Время пролетело незаметно. Зере посадила Гульжан в купейный вагон, проследила, чтобы у ней было нижнее место. Прощаясь, обняла ее и, чтобы не слышали соседи по купе, прошептала на ухо:

- Обещай, что приедешь в гости? Не вот так, проездом, а по-настоящему, ко мне домой и надолго.

- Обещаю, - шепнула в ответ Гульжан, а потом громко добавила, - с Батырханом приеду, познакомлю вас.
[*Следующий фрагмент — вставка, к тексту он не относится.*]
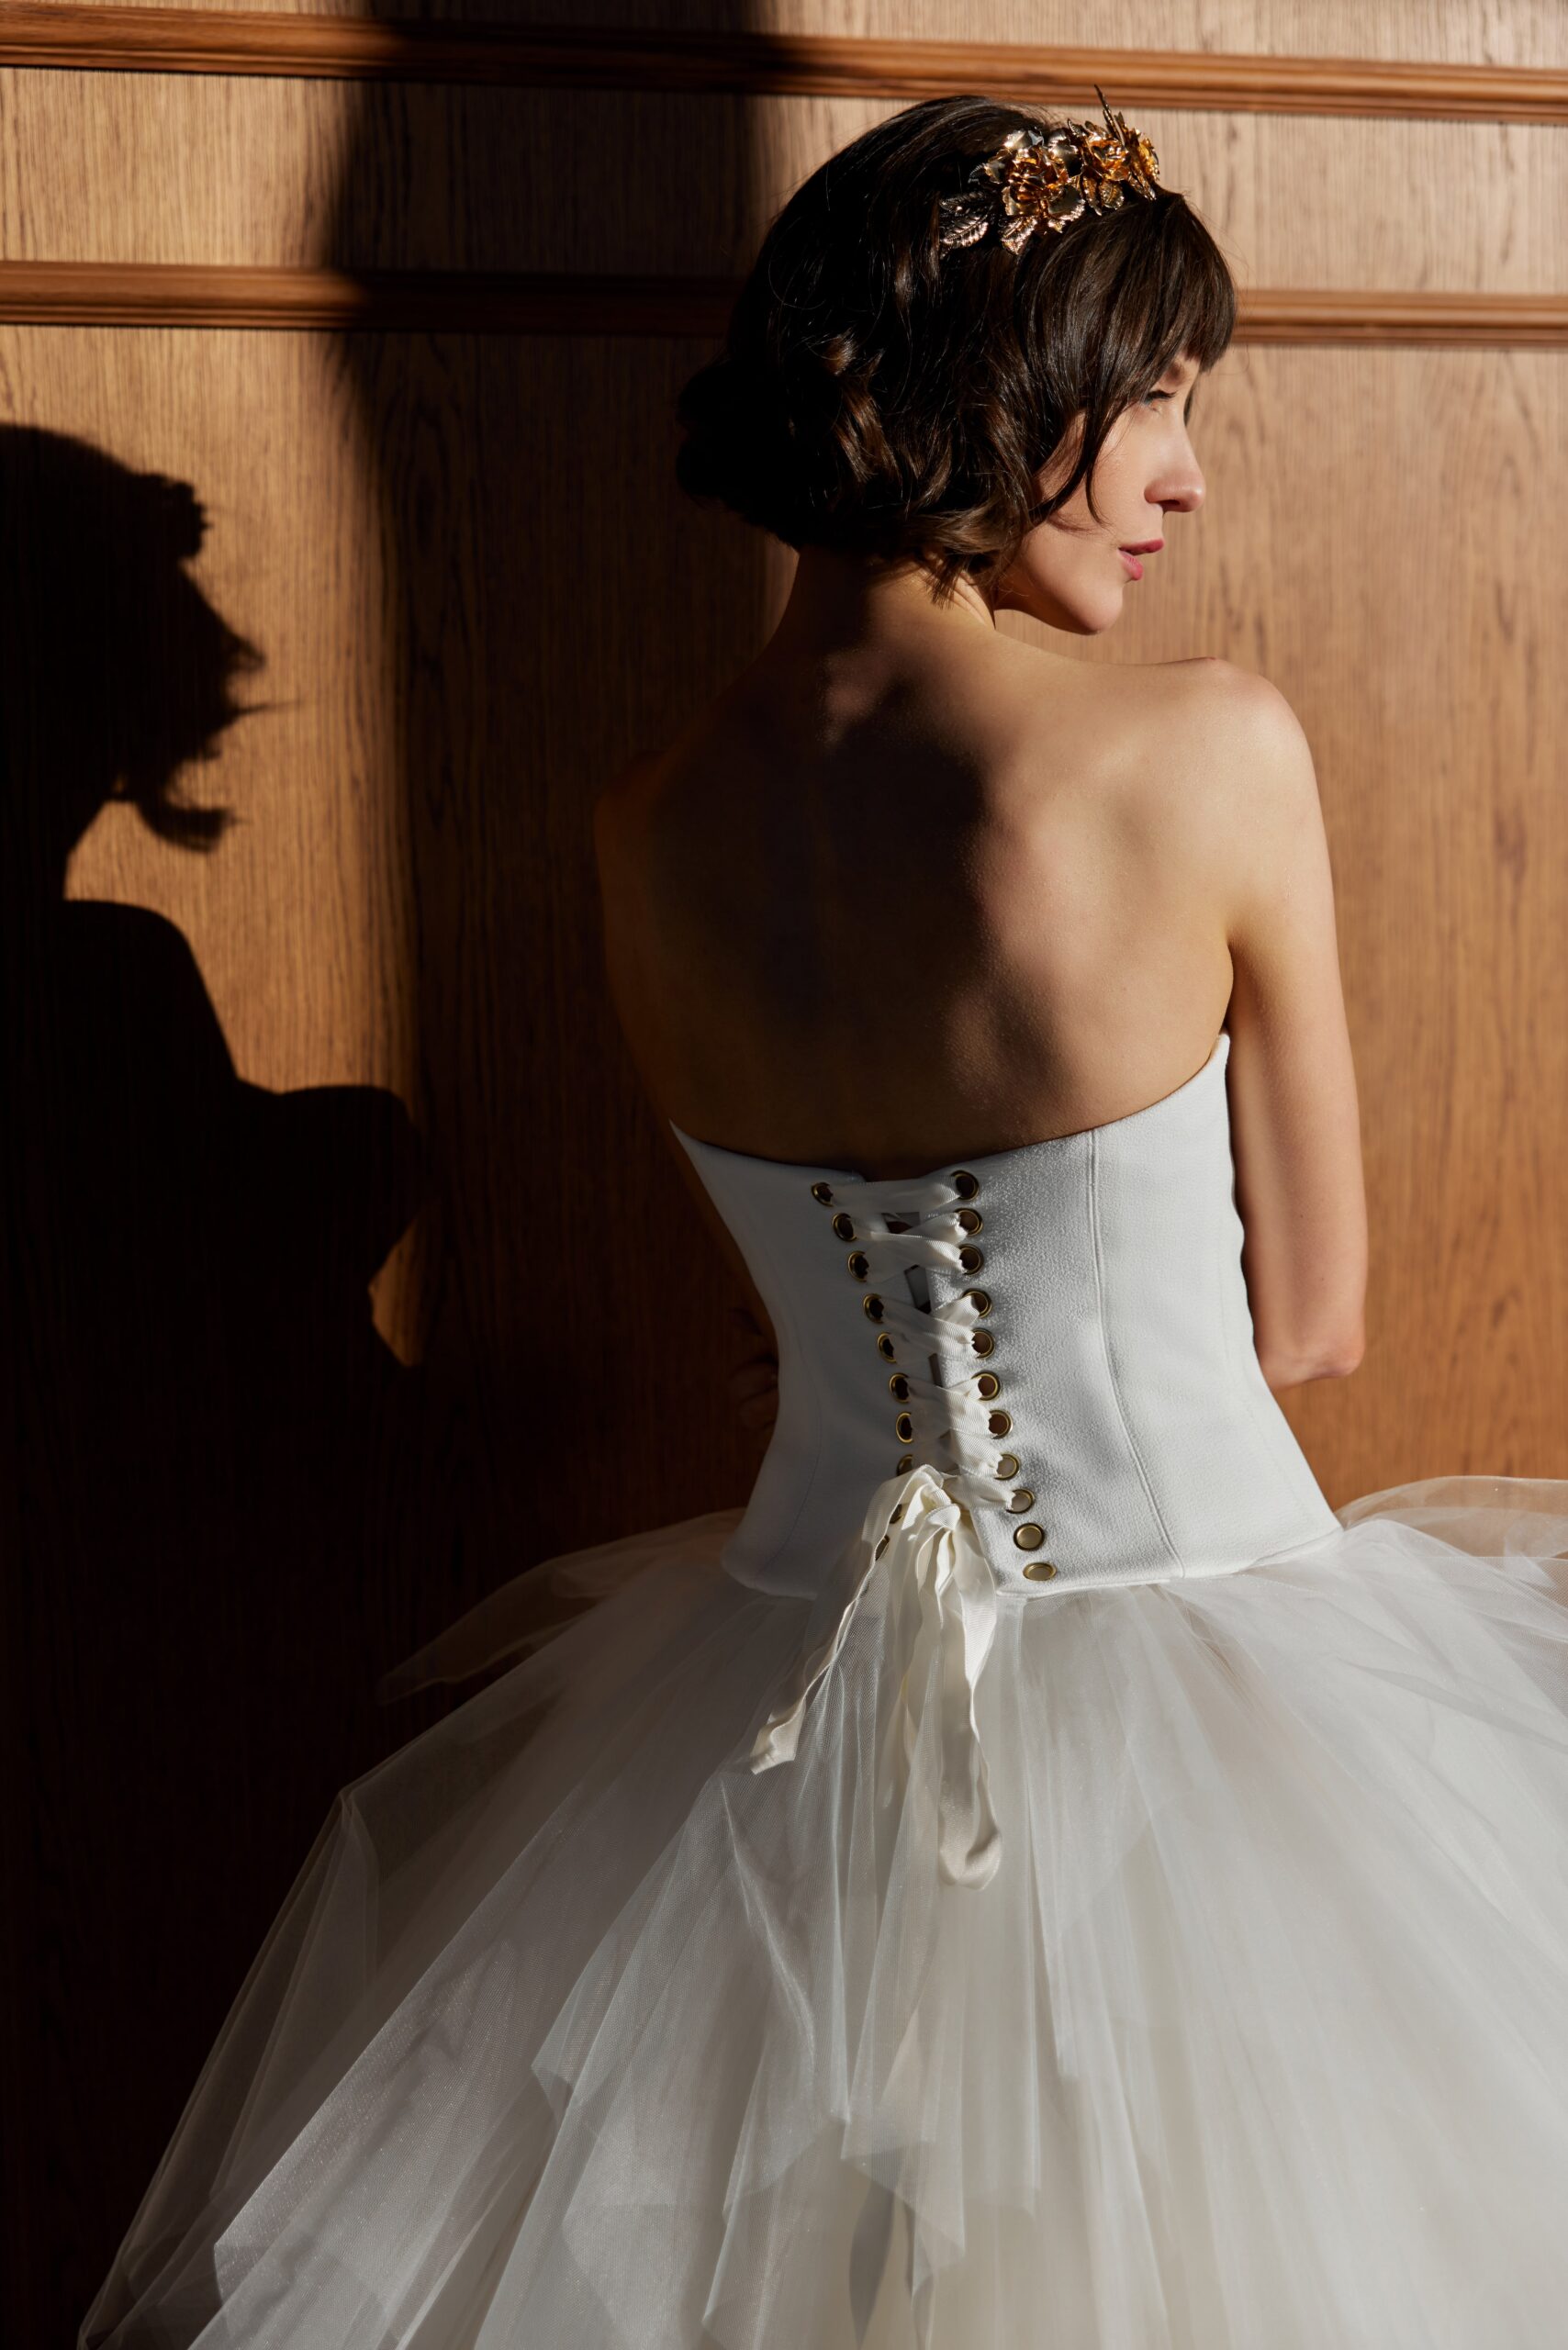 Zelie top and Frou Frou skirt - a strapless corset style bodice with a lace up back worn with a decadent ruffled tulle skirt.

Пряча набегающие на глаза слезы, Зере выскочила из вагона и помахала снаружи ей в окно рукой. Поезд медленно тронулся с места. Грохот и скрип сцепленных вагонов постепенно переросли в мерный, ускоряющийся стук колес, словно отсчитывая секунды и минуты стремительно бегущей вперед, в неведомое будущее жизни, в которой ничто, никогда не повторяется и не возвращается назад.    
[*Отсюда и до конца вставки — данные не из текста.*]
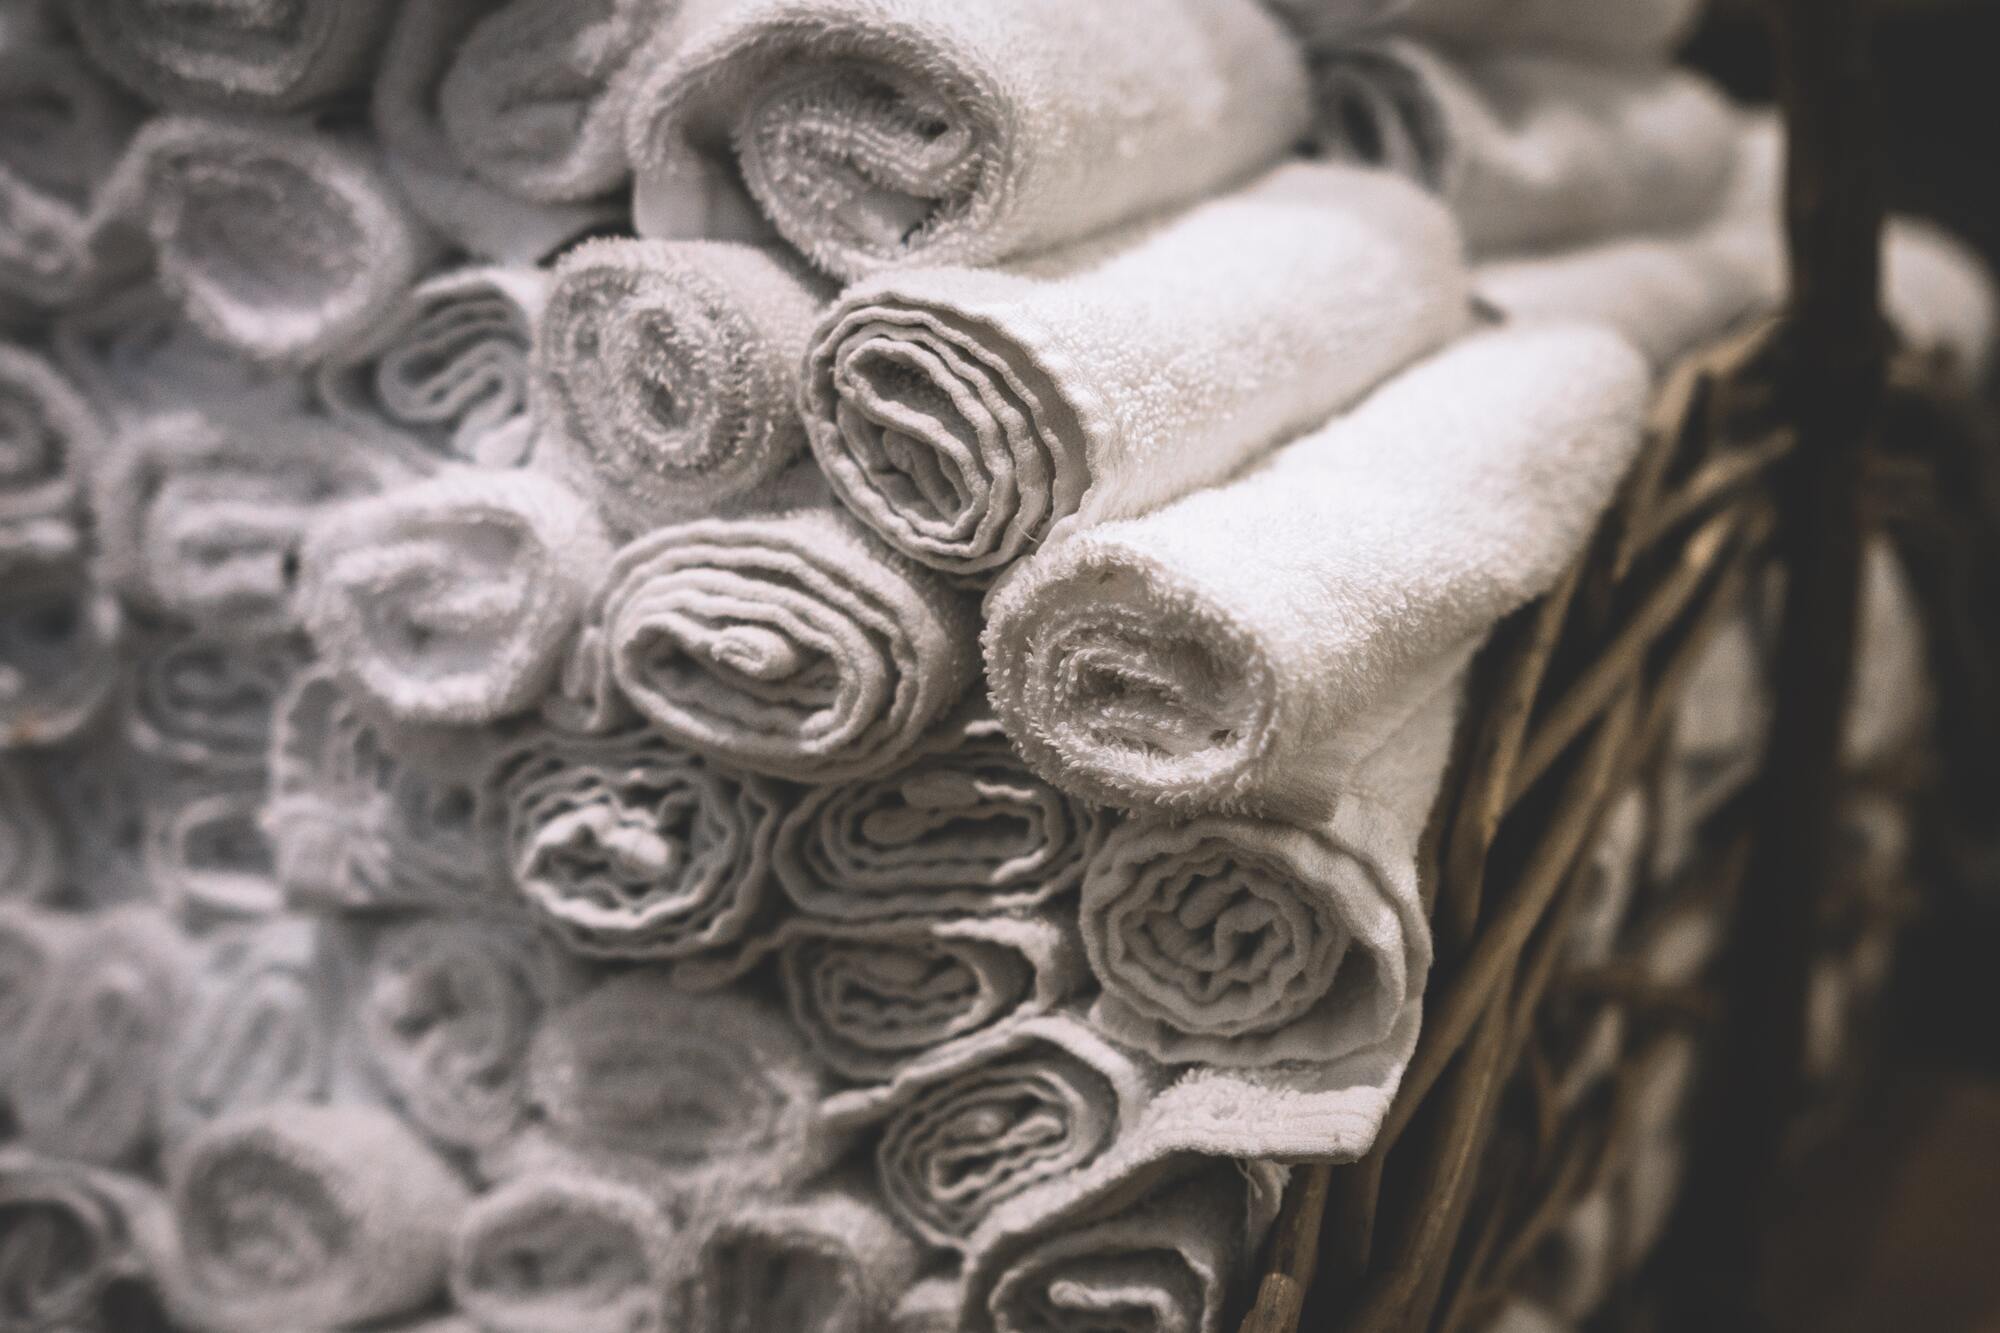 What to wash towels with

                Примечания:


*Апке – старшая сестра, обращение к старшей по возрасту женщине;
*Божья коровка - ханкызы называют божью коровку казахи, что в переводе означает ханская дочь;
*Ак Орда – в данном случае имеется ввиду ханская ставка, место жительства ханской семьи;
*Малахай – мужская зимняя меховая шапка;
*Кызгалдак – степные тюльпаны;
*Гульжан – казахское женское имя, состоит из слов гуль – цветок и жан – душа;
*Айналайын - У древних тюрков существовал удивительный обряд кружения. У казахов он выражается словом «айналайын» - обойду, окружу тебя. Казахи избегают полного круга, при осмотре чего бы то ни было. Обойти человека - значит принять на себя все его болезни, все чары, которые тяготеют над ним. Поэтому самое нежное слово для казаха и самое верное выражение любви заключается в слове «айналайын».
*Келин – невестка, сноха;
*Жаным – душа моя, ласковое обращение.
               
                05.08.2016 г. Г. Алматы.